El teatro comercial es un negocio y, por más deseo que se ponga, ese es su fin último. En el off es distinto y no es una diferencia menor. Hasta Cock, siempre habían sido los directores quienes me habían convocado, pero en este caso fue el productor, que a la sazón se convierte casi en el dueño de la obra. Lo cierto es que, al ser una actividad regida por el resultado comercial, tiene sus limitaciones. En el off, el grado de riesgo es más amplio. Otra cosa que cambia mucho es el público: es muy distinto lo que busca en cada caso, a veces casi opuesto.
 
Tu amigo Juan Minujín dice que la profesión de actor es muy ególatra.
 
Es verdad.
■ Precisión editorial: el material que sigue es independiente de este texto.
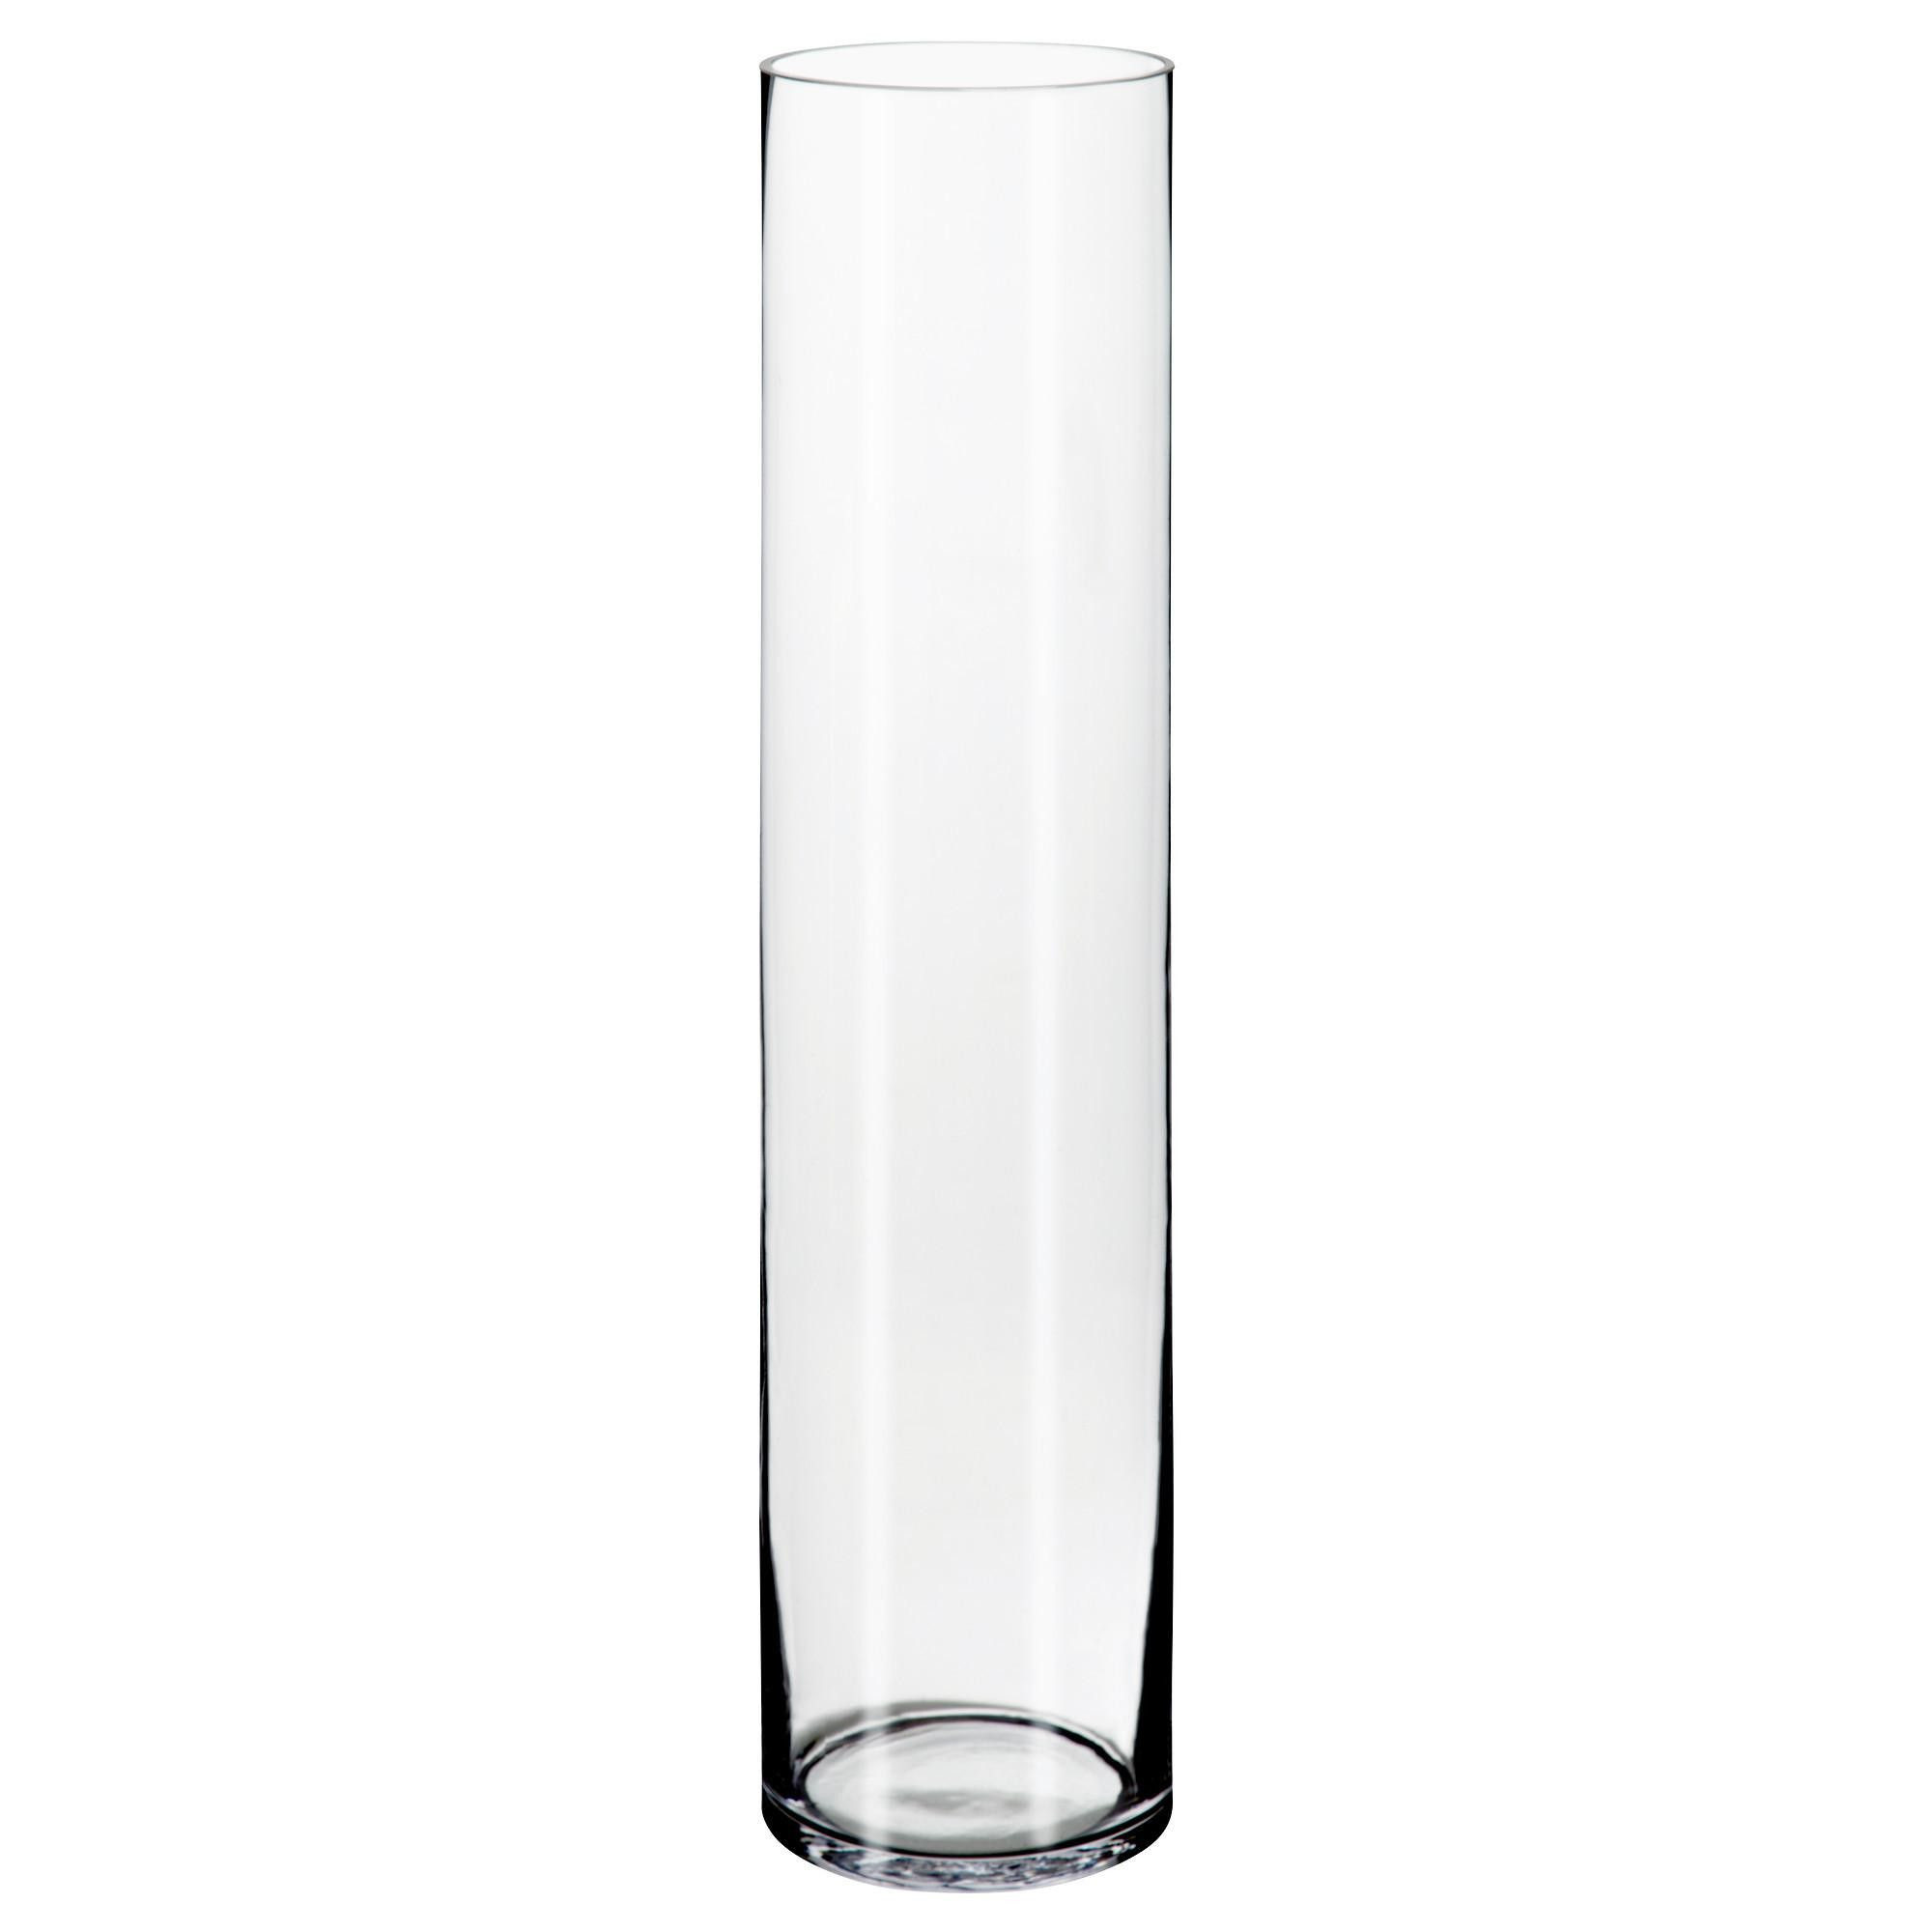 glass cylinder vases 9 in of 50 smoked glass vase the weekly world with regard to coloring colored glass vases elegant living room vase glass fresh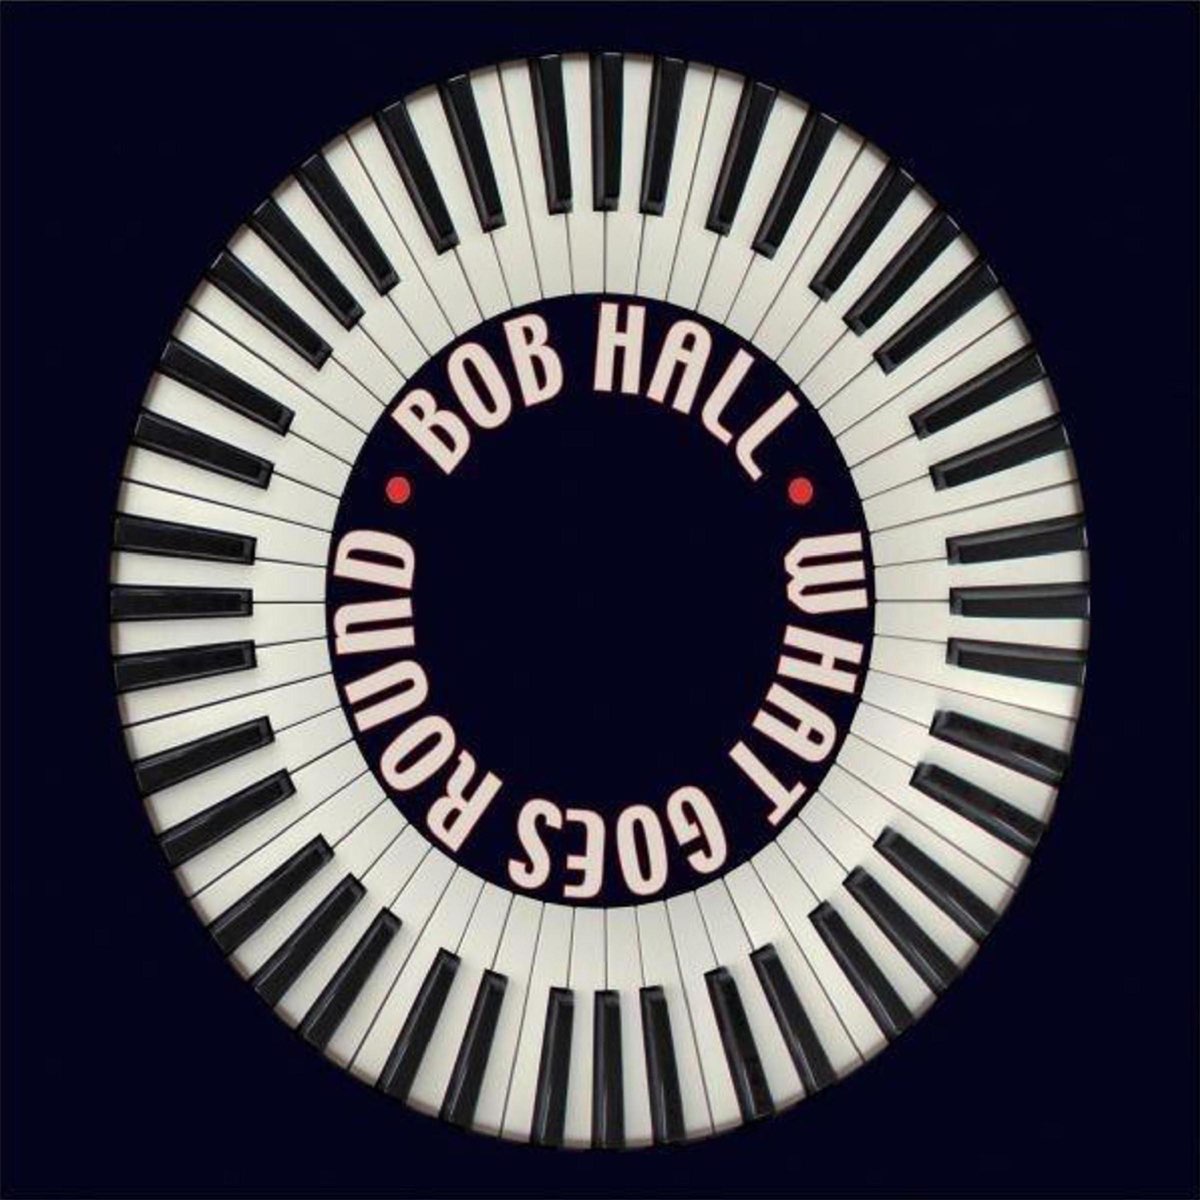 Bob Hall - Running with the Blues. Dag Finn - what goes around (comes around). Come Round. Tuff - 2012 - what goes around comes around again. Come round to us

Uno está con su ego a flor de piel todo el tiempo, pero es interesante trabajar sobre eso. Primero, asumir que uno decide subir a un escenario para que lo miren, y creo que hay muchos actores que la pasan mal porque no lo asumen. Hay otro costado de ese ego que me molesta mucho y tiene que ver con la fama y los premios… Habría que volverse un poco más obrero, porque de lo contrario no está bueno. A mí me interesa trabajar con los otros y, en ese caso, el ego complica la relación. Uno no puede ignorar que esas cosas existen, pero sí aceptarlas y dejarlas reposar un poco para permitirse trabajar.
 
No soy muy fiestero. En el trabajo me siento en un estado de gracia: ensayo todo el tiempo, tengo función casi diariamente y quizás por eso soy más reposado. Hay algo del actor que me perturba y tiene que ver con la sociabilidad extrema, con la sonrisa excesivamente amable. No me lo creo y, entonces, a veces, quedo outside. Leo mucho, veo muchas películas: las obras son excusas para conocer otras cosas. En realidad, el ocio mío está marcado por la obra que estoy haciendo. Agradezco haber descubierto mi vocación y vivir de ella.
 
No puedo menos que sentirme completo. No sé si será así siempre, porque a veces me canso, como si llevara actuando mucho mucho tiempo. Tengo 37 años y muchas ganas de vivir. Tengo mucho por delante.